# WACC musings¶

Section 4.4 of my notes provides proofs that WACC is the appropriate discount rate for unlevered FCFF in the world of Miller and Modigliani, with and without taxes. This notebook replicates the numerical illustrations of this fact we provided in class.

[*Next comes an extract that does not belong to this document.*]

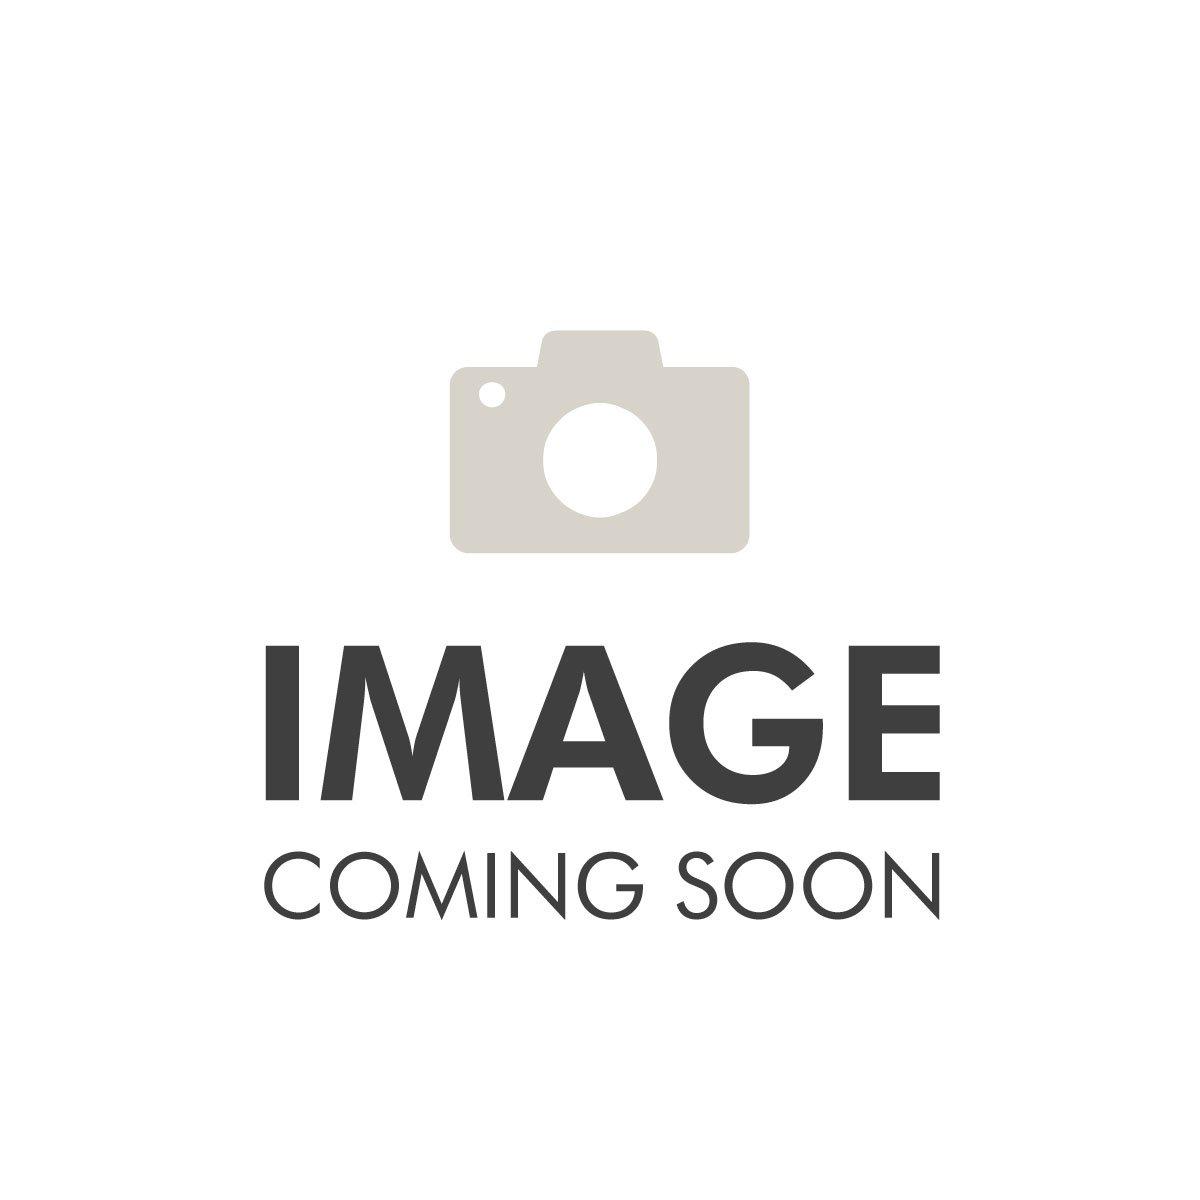 Clarins Ombre Matte 10 Midnight Blue

First we import the modules we will need.

In :
import pandas as pd # pandas is excellent for creating and manipulating dataframes, R-style
import numpy as np # great for array manipulations and simulations
import matplotlib.pyplot as plt #graphing module with matlab-like properties
%matplotlib inline


Now we set parameters and perform a couple of preliminary computations.

In :
Ebitlow=50 # Ebit in bad times
Ebithigh=150 # Ebit in good times
phigh=0.5 # frequency of good times
rD=0.08 # interest rate on debt
ErU=0.12 # unlevered equity return
tau=0.3 # tax rate on EBIT

n=20 # number of grid points for debt levels

# first we compute the value of the unlevered corporation and the max debt level

Ebit=phigh*Ebithigh+(1-phigh)*Ebitlow # expected EBIT each period
Vunotax=Ebit/ErU
Vutax=(1-tau)*Vunotax

Dmax=Ebitlow/rD

# debt grid

Dgrid=np.array([i*Dmax/(n-1) for i in range(n)])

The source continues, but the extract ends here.